The People’s Republic of China, following Naypyidaw over the past ten years, has defined a medium- to long-term investment program by planning and building various infrastructures. Of these, we list four significant projects:

  • Between 2009-2017, the China National Petroleum and Natural Gas Corporation (CNPC) built a gas and oil pipeline for 2.5 billion dollars. The 2,402-km-long pipeline runs from the Myanmar island of Maday to the city of Kunming. It entered into service in 2017 and transported 22 million tonnes of oil annually, corresponding to about 6% of China’s annual crude oil needs. Thanks to this infrastructure, Beijing has reduced the passage of its oil tankers from Malacca and the South China Sea trade routes to refineries and storage areas along its coastline. The 2,498-kilometre pipeline runs from the Burmese city of Kyaukphyu on the island of Ramree to the city of Kunming. Operational since 2013, it guarantees Beijing an annual transport of 10 billion cubic metres of gas and is expected to run for 30 years.
  • In 2009, Beijing started working on the Myaston Dam construction along the Irrawaddy River, which, in 2011, the Myanmar Government blocked due to protests by the local population. Naypyidaw’s decision to block the work led to a temporary cooling of relations between the two countries, which resumed in 2013 with the appointment of Xi Jinping as President of the People’s Republic of China.
  • Beijing planned to build a railway to initially connect Kyaukphyu to Mandalay and then extend it to the city of Kunming. The work has never gone on site but is considered by the Chinese Communist Party leadership as an essential asset to speed up the transport of goods from Yunnan province to ports along the Burmese coast.
  • In 2013, China announced its intention to establish a 4,300-acre Special Economic Zone (SEZ) near Kyaukphyu. The SEZ envisages the construction of an industrial park, a deep-water port (7.5 billion dollars) and a built-up area. The total cost of this project was supposed to be 9.5 billion dollars, but in 2018 it was scaled down to 3 billion dollars. The construction of the deep-water port is fundamental for Beijing because it would facilitate traffic and unloading of crude oil cargo from the Gulf countries by its own tankers.

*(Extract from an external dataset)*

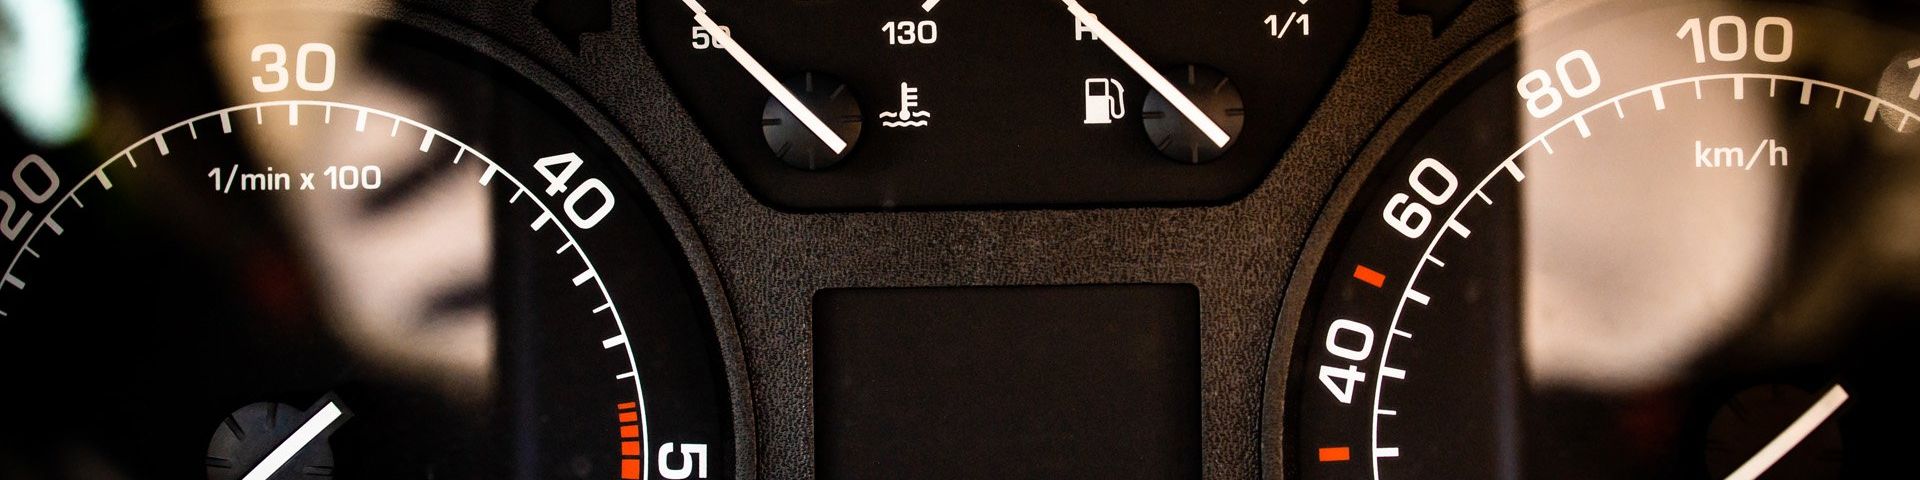 A close up of the tops of the left and right speedometers in a car. The fuel gauge is partially cut off.

Considering the high Chinese investments in Myanmar (in 2020, they had reached 11.4 billion dollars in exports), Beijing needs to support Myanmar’s stability. Indeed, Beijing is particularly concerned about the illicit trafficking of drugs and people from the Myanmar territory to Yunnan Province and the regular clashes between the armed forces in Naypyidaw with ethnic separatist groups near the border. Regarding the latter, several conflicts between the Myanmar army and the paramilitary forces of the Myanmar National Democratic Alliance Army (MNDAA) took place between 2015-2017, resulting in the deaths of Chinese citizens.

Conclusions

The decision of the People’s Republic of China to strengthen economic-diplomatic ties with Myanmar is an essential manoeuvre in the implementation of the BRI project. It partially makes up for the difficulties encountered in the challenge with the United States in the South China Sea and the control of the island of Taiwan.

Beijing will increase its investment in Burma in the coming years, but this could not be enough to develop an alternative to the Malacca dilemma and the use of the Sea Lines of Communications (SLOC) via the South China Sea to connect its ports to the most crucial global shipping lanes.

In this analysis framework, we should consider the delays in the construction of new infrastructure (see the case of the Myaston Dam) and the reduced transport capacity of the two pipelines connecting the hubs in Myanmar with the city of Kunming. As a result, Beijing will inevitably have to send its oil tankers through the Malacca bottleneck to the major ports of Dalian, Ningbo, Qingdao, Qinhuangdao, Shanghai, Shenzhen, and Tianjin.